3. Network Bandwidth
As I mentioned in last week’s article, the content sources being indexed by enterprise search engines are steadily moving into the cloud, making cloud-based search engines a natural fit. But not everything is moving. Some repositories may live on-premise for the foreseeable future, and some of these have extremely large amounts of content that need to be indexed. For example, digital video management systems, local network storage, and user PC files are less likely to move to the cloud because of the need for very fast, real-time access. The process of indexing this content with a cloud search engine inevitably requires uploading all of the content to a remote location. There is virtually no way around this. Indexing the content on-premise would defeat many of the advantages discussed in the previous article. Even worse, upload bandwidth is typically more precious than download bandwidth. Indexing terabytes of data in a cloud search engine could put a big strain on a company’s internet bandwidth.

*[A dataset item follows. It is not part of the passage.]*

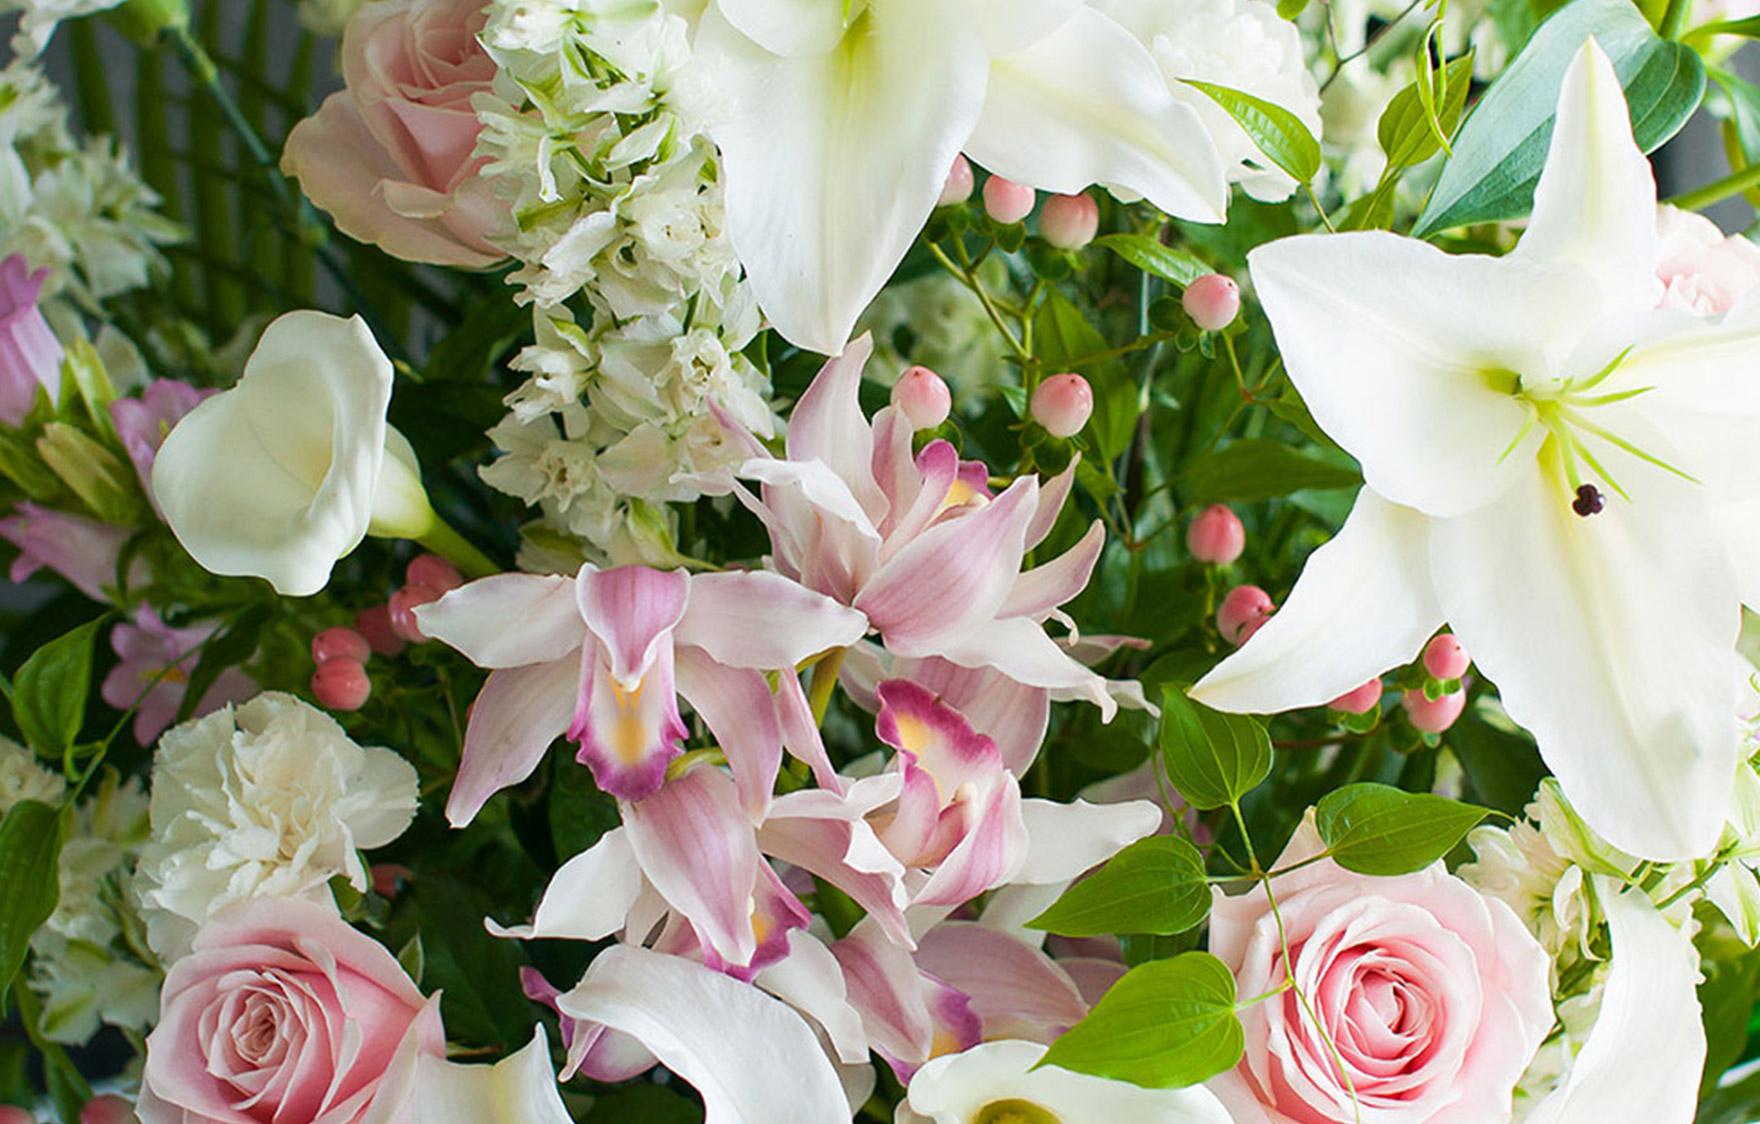 ピンク色のお花を入れた四十九日のお供え花

Mitigation: Data compression and traversal efficiencies can help this situation, but not entirely. Investigate alternative internet network architectures to reduce the impact of large volumes of upload traffic, such as symmetrical networks (which do not favor download bandwidth over upload bandwidth) or separate network segments (to keep upload traffic from slowing down other traffic). Some providers might even allow large archives to be delivered to the cloud in one-time physical hard drive deliveries.
Like I mentioned before, I am not saying that these disadvantages are deal-breakers. They are merely realities with cloud-based enterprise search engines. It will be interesting to see how each vendor deals with these problems as they engineer their products and promote them in the marketplace.
Great post Chad, especially the advice on mitigating these factors (which can easily be done for some platforms but not all).
Regarding #3 – I find that a search engine’s approach to accessing on-premise content and how they perform “incremental” indexing is key. I have also found that many cloud based search engines don’t have a solution for accessing on-premise content and require the duplication and copying you speak of. Most search engines incrementally update their index but must fully re-crawl the content each time. But platforms like Coveo can both deploy an on-premise connector to avoid duplication and perform truly incremental updates. This allows for querying the systems directly (even on-premise) for a list of new/changed and then only accessing that subset of data, thus eliminating the need for duplication or the pain of network bandwidth consumption.
Again, very good post series with the pros/cons of each and more importantly how to fully maximize the pros while mitigating the cons!